Laurie-Anne took her parents’ advice and the behavior they modeled seriously, and it was evident when she graduated from Laurel High School with excellent grades. These lessons would prove even more indispensable when she had her own daughter at 19, and many people counted her out, as they often do with teenage moms. Having a child did not deter her from earning an undergraduate degree, which often meant taking two or three buses to get to campus. This experience made her acutely aware of how vital reliable public transportation is for young women who need a safe way to get to school and work. She earned a master’s degree in public administration, began a career in public service, and went on to secure a job with the U.S. Food and Drug Administration, and she keeps accomplishing more and more.
She was inspired to get involved in politics by joining the SGA at the University of Maryland and campaigning for Steve Glickman, a UMD alumnus who ran for New York State Senate. After college, she joined the Montgomery County Young Democrats, loved the organization’s energy, and was asked to run for vice president. She said seeing Barack Obama become the first African American president in 2008 helped her visualize and see a path for herself in public office. She didn’t see enough Black people, particularly Black women, in political office until that time. As she puts it, she was “bit by the bug” and has not looked back.
With her election, Laurie-Anne became the first African American and the first black woman elected to the Gaithersburg City Council. She is a member of the National League of Cities Board of Directors, the Transportation and Infrastructure Service Committee, and the Women in Municipal Government vice-chair. A member of the Metropolitan Washington Council of Governments, she chairs the Chesapeake Bay and Water Policy Advocacy Committee.

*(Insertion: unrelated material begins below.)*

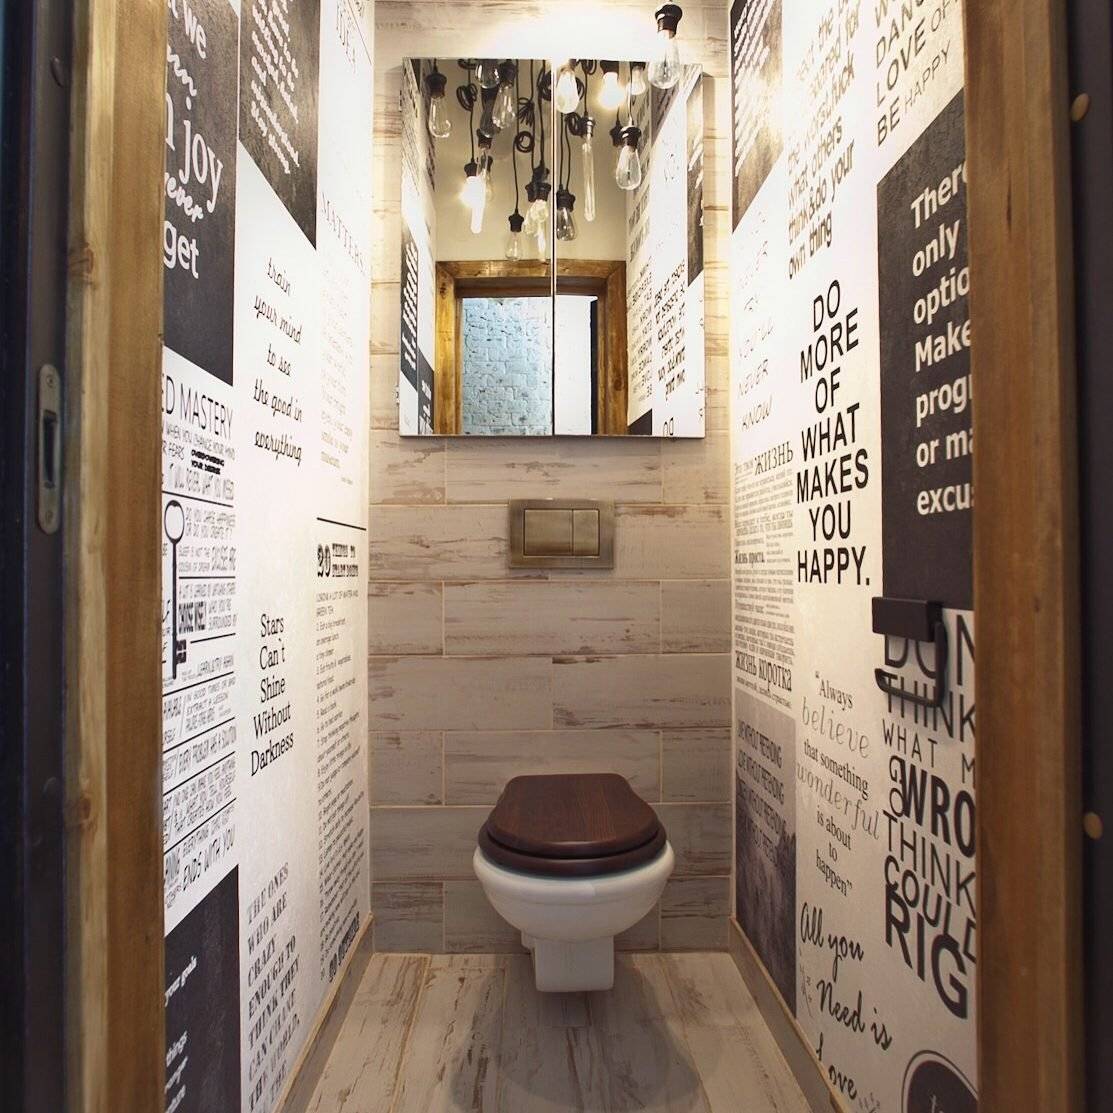 Туалет в стиле лофт - лучшие варианты оформления + фото!

Laurie-Anne said these organizations lead on important issues to her and the future of our county: affordable housing, climate change/justice, economic development, education, transportation, and improved infrastructure.
On the campaign trail, she talks about her S.M.A.R.T. policy agenda; the acronym describes an agenda she said will:
Strengthen our commitment to 21st century learning from cradle to career and beyond;
Make living in our county more affordable;
Advance local food production in the Ag reserve;
Recover from the pandemic while revitalizing our economy; and
Tackle climate change with multi-modal transportation infrastructure.
Her work has not gone unnoticed. She was named a Top 100 Women in Maryland by the Daily Record and a 2020 Woman Municipal Leader of the Year by the National League of Cities. Of her many accomplishments, Laurie-Anne is especially proud she spearheaded the passage of the Racial Equity Resolution for the City of Gaithersburg. It created a position in the budget for an equity officer to ensure fair and equitable hiring practices for employees and procurement rules for vendors and contractors.
Laurie-Anne views herself as a consensus builder, someone who works well with other legislators. She also believes her unique experience will benefit the council and citizens across Montgomery County. Laurie-Anne is a left-leaning centrist and one of the viable candidates from Upcounty whose perspective will help change the narrative on many policy issues. She has friends in all camps of Montgomery County politics. If her personal accomplishments are an indicator of how she will lead, we can rest assured she will look for ways to work with colleagues to ensure Montgomery County grows and prospers.